Written by: Dave Cantrell
You can picture them careening wildly about the Arizona desert, assaulting saguaros with a righteous – some might say vehement – noise. A sometimes sprawling, lysergic/aggressive stoner rock collective-of-sorts (though these are some seriously unmellow stoners with rough and ready edges and a kaleidoscopic darkness), Destruction Unit is primarily known as an astutely-named force of nature that rose out of the Sonoran desert like punk rock psych behemoths at the dawn of the 21st century’s second decade and began to wreak a type of finely-wrought-yet-feral sonic carnage. Notably, however, the story actually stretches a good six years further back, to a solo synth-punk project hatched by Ryan Rousseau in the same Memphis environs that were breeding Jay Reatard and Alicja Trout, two previous collaborators/band members.
Even as the ‘punk’ side of that hyphenate was more emphasized than the ‘synth,’ the early 80’s Some Bizarre infections were unmistakeable (and in case they weren’t, covering “Warm Leatherette” made sure of it). When Rousseau dragged brother Rusty into the Southwestern desert and reinvented the band, a curious thing occurred: as the aural mayhem increased exponentially, the voice at the center of it became more sonorous, less punk shrill, more looming portent. Though almost certainly not designed, there’s nonetheless something of a cosmic coincidence at work here, an odd little mystery of timing and (possibly) unbidden influence.
Let me explain. Here’s guitarist (one of three along with Ryan and Nick Nappa) Col. Jesco Starewell Aurelius – you can call him JS – speaking to the band’s writing process in an interview with Noisey: “…someone starts playing and everyone else just follows until pieces are in place. After we jam long enough, we listen back to it and cherry-pick the stuff we liked…” Well, as it happens, that’s exactly how early Bauhaus used to operate, “Bela Lugosi’s Dead” the most well-known – and clearly process-driven – example. And, as it happens, that sometimes wavering, shadow cave baritone we hear in the middle of Deep Trip‘s maelstrom betrays more than a passing Murphy-esque likeness, not least on opening salvo “The World On Drugs” (though, to be strictly honest, on the shoutier parts the nod would have to go to Dave Vanian but those two were virtual larynx twins anyway, so). Whether an act of dark kismet or canny intention, the effect is an agreeably anchoring one. The band wails plenty as it is and it suits to have that authoritative, surprisingly steady voice holding down the floor while the walls and rafters are in danger of being splintered.

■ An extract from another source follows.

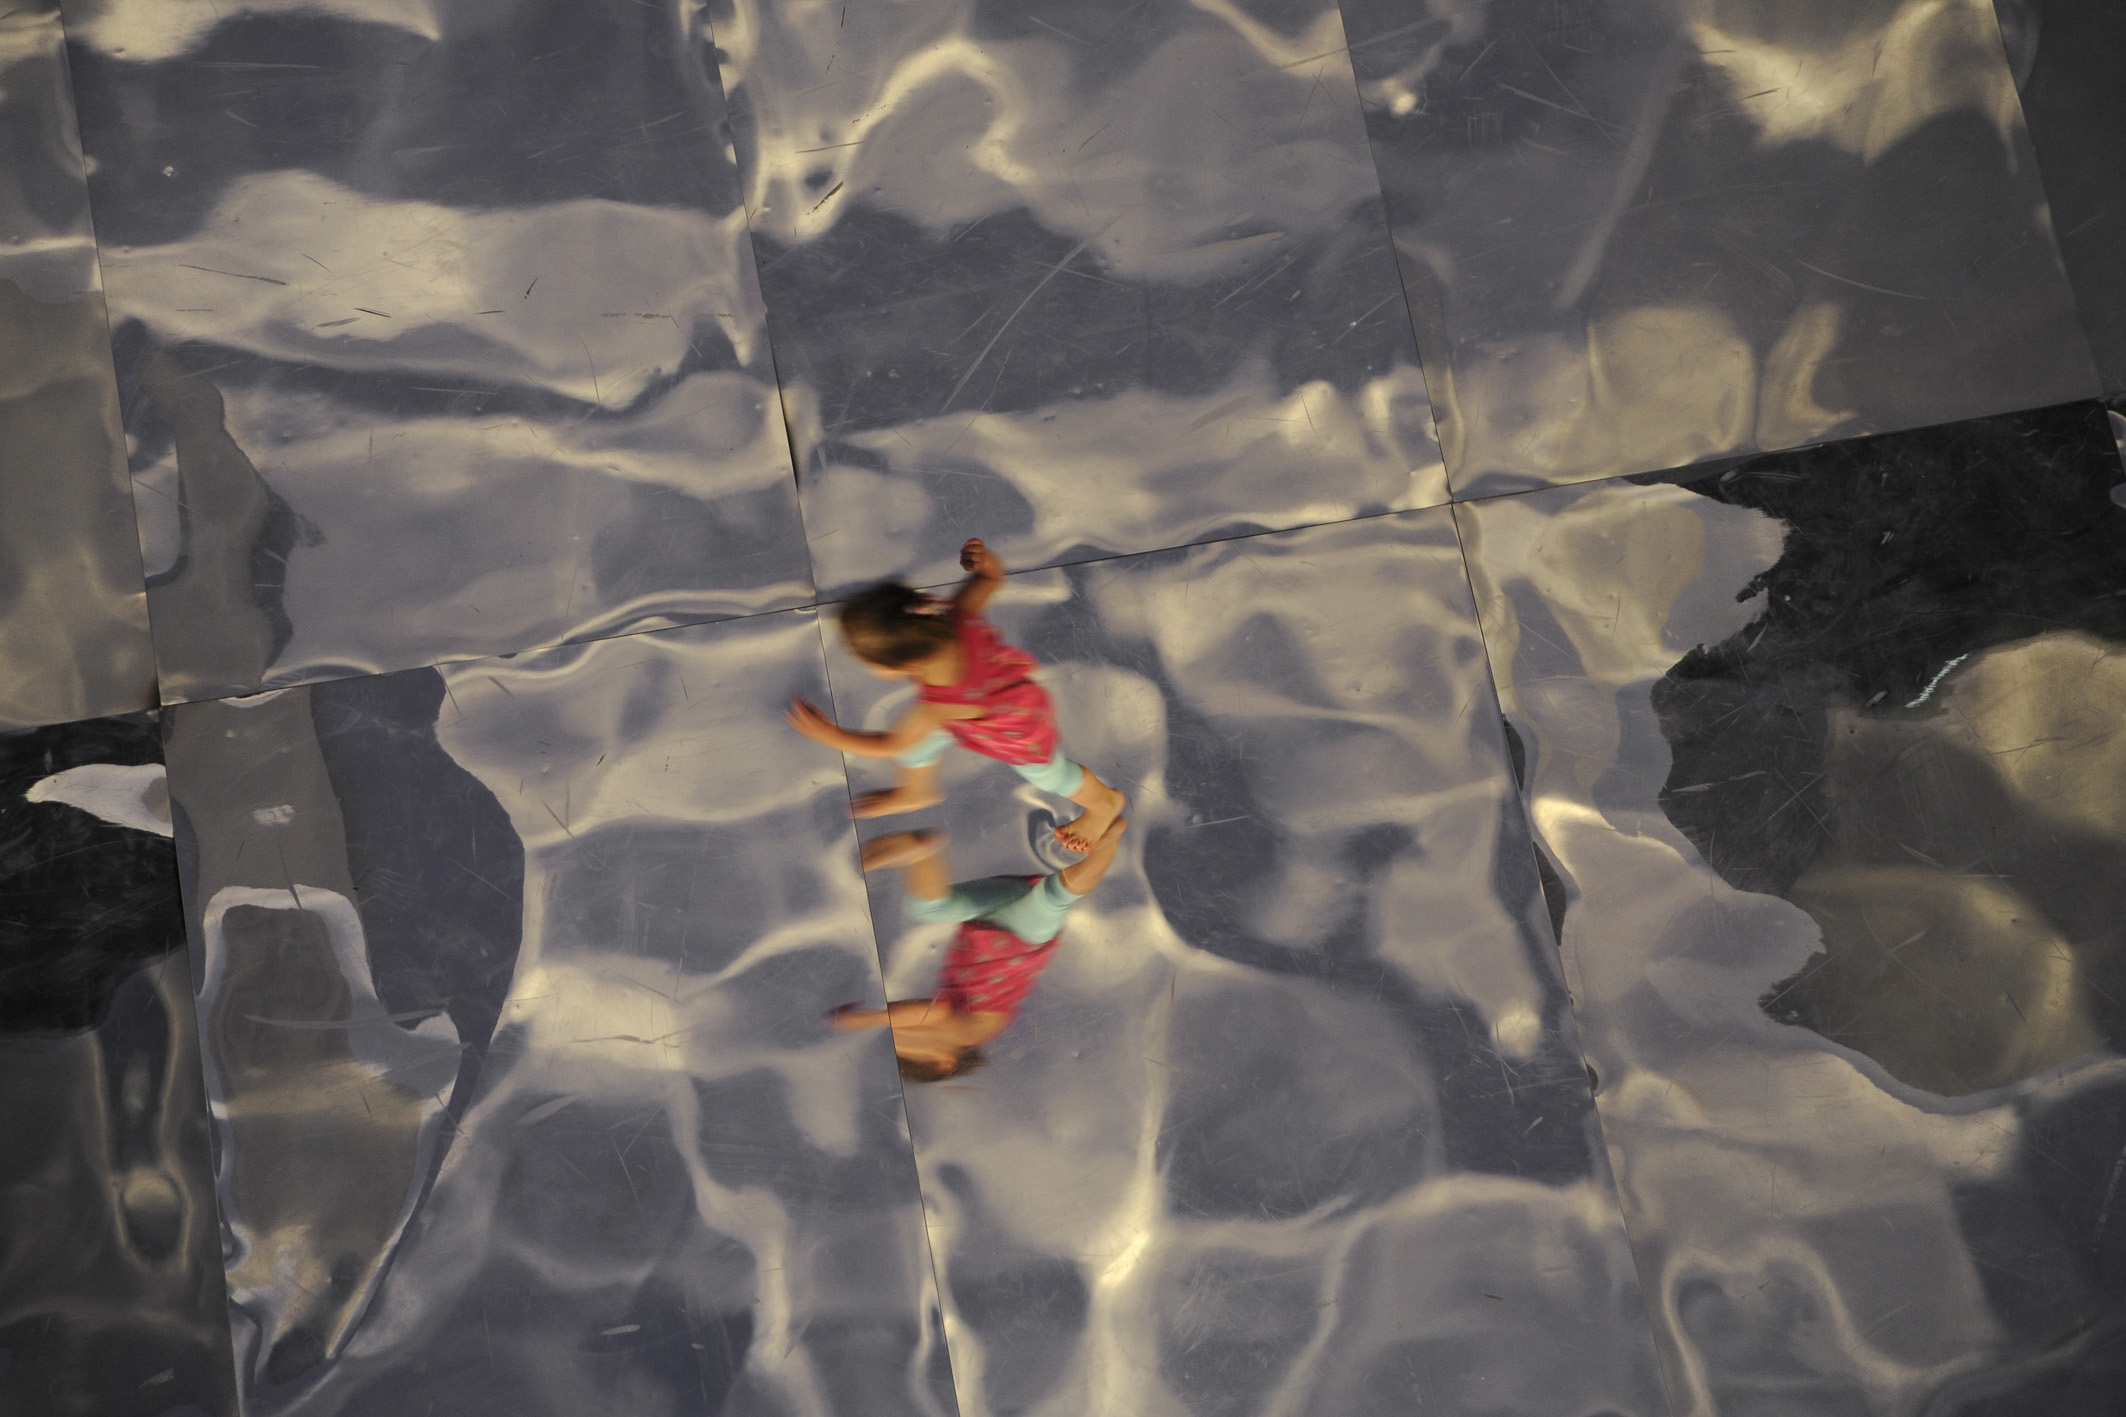 water | água    @ oca pq. ibirapuera 2010   + expo

This being a band for whom ‘nuance’ is a French-sounding word that would probably best go unuttered in the craggy, sandblasted soundscapes they specialize in, you expect a racket and get one. Despite bordering on merciless and nearly always furious as a Bandersnatch (though the 6+ minute “Bumpy Road” – a mite counter-intuitively – does offer a respite of sorts, its pace more deliberate), the music on Deep Trip retains a method-to-their-madness stability, making them the slightly less frenetic cousins to the Butthole Surfers, another band that called the arid, dusty, insanity-soaked southern borderlands home.
What all this amounts to, in a phrase, is a punk rock jam band and Destruction Unit carry that banner not only proudly but with a fuzzed-out proficiency. “Final Flight” phases in and out like it’s being blown around by a fierce Pima Canyon wind, freight train coming straight at us; the short “God Trip” exploits a single note of slight discord and builds it into a thundercloud, raining down an enormous peal of controlled chaos, while “The Holy Ghost,” a highlight, roils with melody and even visits drone territory, taking time to periodically trip into a mad rush of a psych-punk wig out. Opus status, however, has to go to album-capper “Night Loner,” the rhythm section – brother Rusty bass, Andrew Flores drums – bashingly, courageously holding down the center while the tempest lashes all around them in a hell-breaking-loose grandeur, guitars strip-mining the arroyos on contact, sweeping brush and small mammals up into a terrifying funnel cloud, corrugated solos chasing each other around like it’s a game of take-no-prisoners tag. Massive, inspiring in its sheer sonic architecture, the thing lassos a fury that, left unbridled, could gouge the Southwest a whole new chasm, a rift of riffs, if you will, a fresh, exciting destination for the discerning traveler, full of crashing cataracts, vaulting multicolored screes and dust devils dressed in brutally-spiked tie-dyed leather vests. Welcome, ladies and gentlemen, to the Grim Canyon. These are your guides, Destruction Unit, they’ll be happy to show you around.